On Fri, Apr 18, 2008 at 3:36 AM, Sebastian Haase <haase@msg.ucsf.edu> wrote:
Hi,
Could someone here please summarize the plans for the io library !?
I saw that there are parts of it going into numpy already. And more stuff is already in SciPy -- IIRC.
What is the status / plans regrading image formats like TIFF.
There are no such plans.
Are you guys planning to duplicate the efforts of the Python Imaging Library ( PIL ) ?
No.
Or can you just copy-paste some of the code ?
We don't intend to, no.
The reason I'm asking now, is that I just submitted a patch to PIL that adds writing capabilities for MultiPage TIFF files. I did not get any response on the PIL list, and I'm actually still not clear on their handling of free vs. commercial. The commercial PIL license sounds like you have to pay $2000 to get access to svn, i.e. the current development version of PIL. Anyone here who could comment on this ?

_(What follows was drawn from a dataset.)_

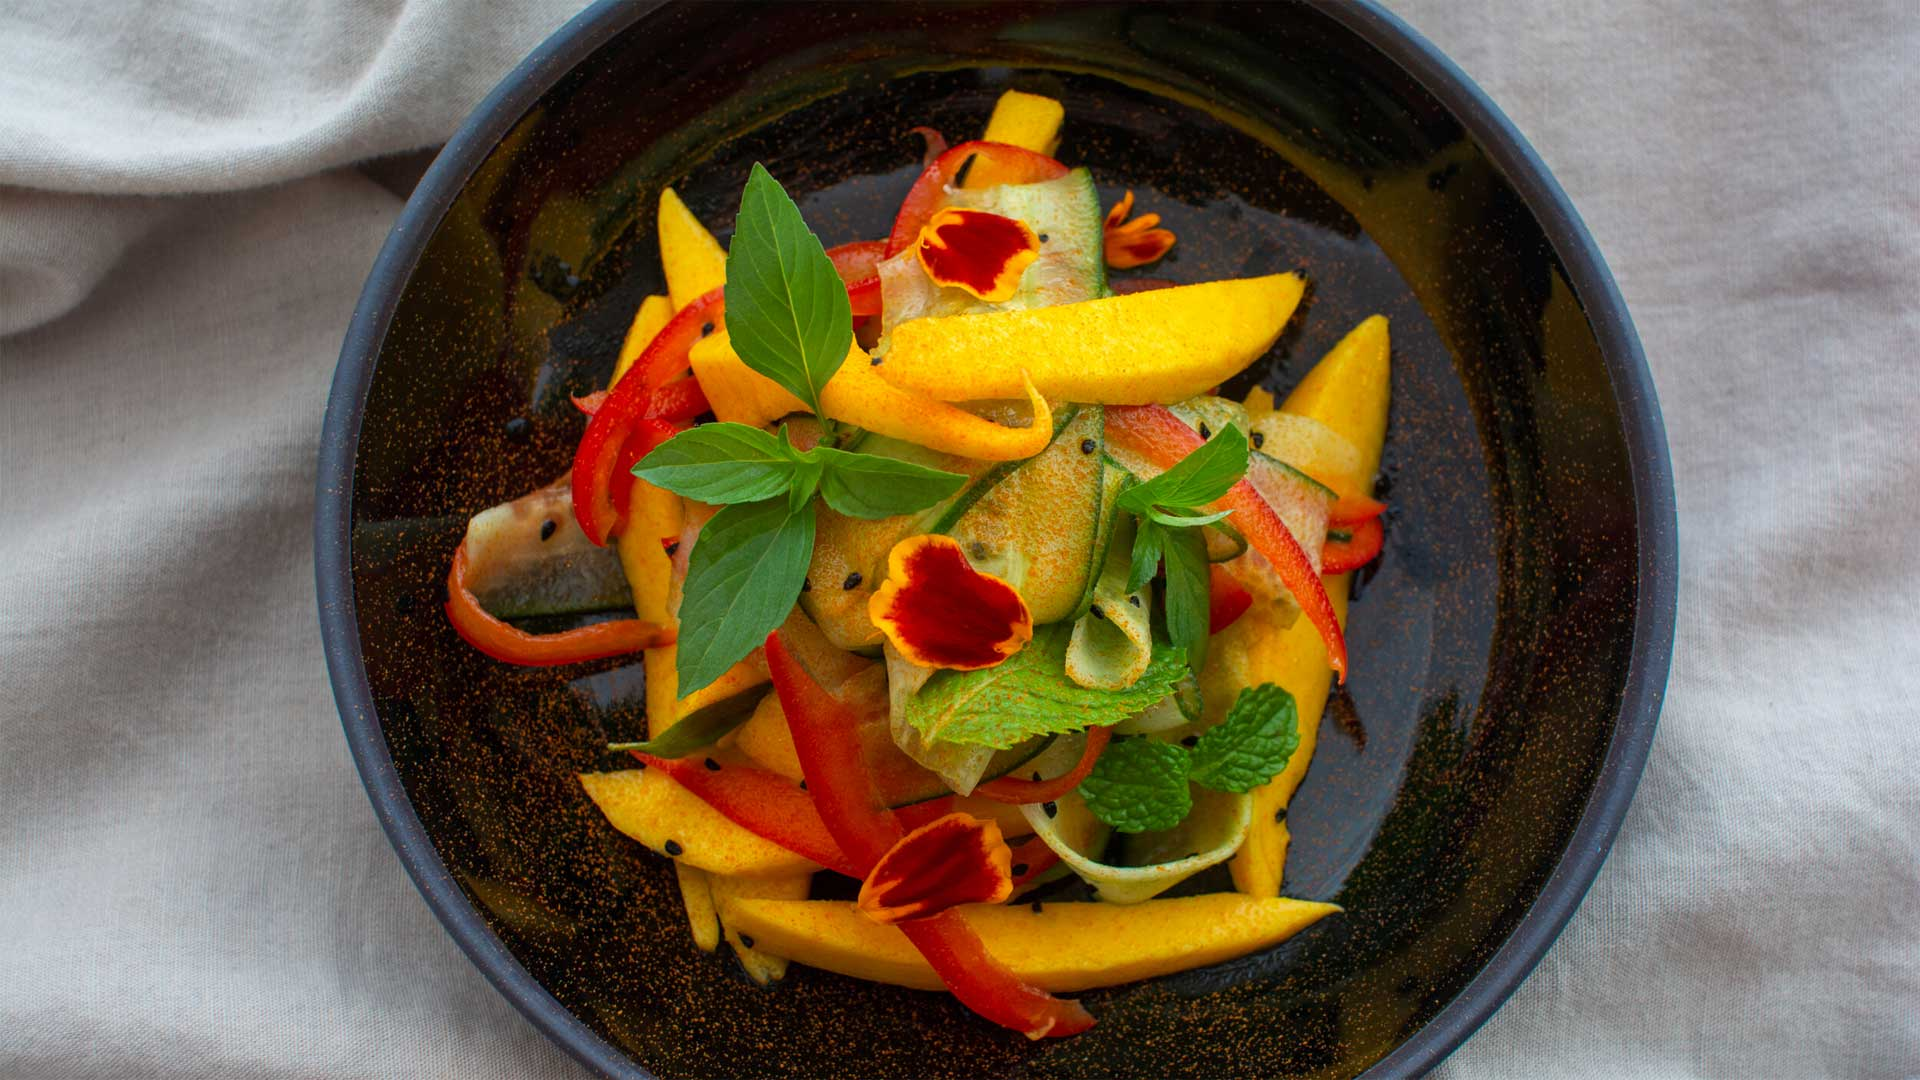 Sam Olayinka makes mango salad

I doubt it. Fredrik Lundh is the person you have to ask about such things. You might try emailing him personally. -- Robert Kern "I have come to believe that the whole world is an enigma, a harmless enigma that is made terrible by our own mad attempt to interpret it as though it had an underlying truth." -- Umberto Eco
On 18/04/2008, Sebastian Haase <haase@msg.ucsf.edu> wrote:
The reason I'm asking now, is that I just submitted a patch to PIL that adds writing capabilities for MultiPage TIFF files. I did not get any response on the PIL list,
If you *do* figure out how to get their attention, please let me know (maybe I should try the route Robert suggested). Zachary Pincus (IIRC) and myself both have patches we'd like to have applied. We mailed it to the Image SIG, without any response. Regards Stéfan
On Fri, Apr 18, 2008 at 11:18 AM, Stéfan van der Walt <stefan@sun.ac.za> wrote:
On 18/04/2008, Sebastian Haase <haase@msg.ucsf.edu> wrote:
The reason I'm asking now, is that I just submitted a patch to PIL that adds writing capabilities for MultiPage TIFF files. I did not get any response on the PIL list,
If you *do* figure out how to get their attention, please let me know (maybe I should try the route Robert suggested). Zachary Pincus (IIRC) and myself both have patches we'd like to have applied. We mailed it to the Image SIG, without any response.
Regards Stéfan
Ultimately we has to consider a fork of PIL. Do you guys know, if this is allowed -- per the PIL license !? Of course this would be super sub optimal, but then, it's effectively what I have right now -- and you have your own version ..... To summerize: numpy can probably do many things of PIL already better -- I'm talking about all the transformation stuff of course. So only the file IO would have to get forked out -- to scipy for example ;-) Cheers -Sebastian
Ultimately we has to consider a fork of PIL. Do you guys know, if this is allowed -- per the PIL license !?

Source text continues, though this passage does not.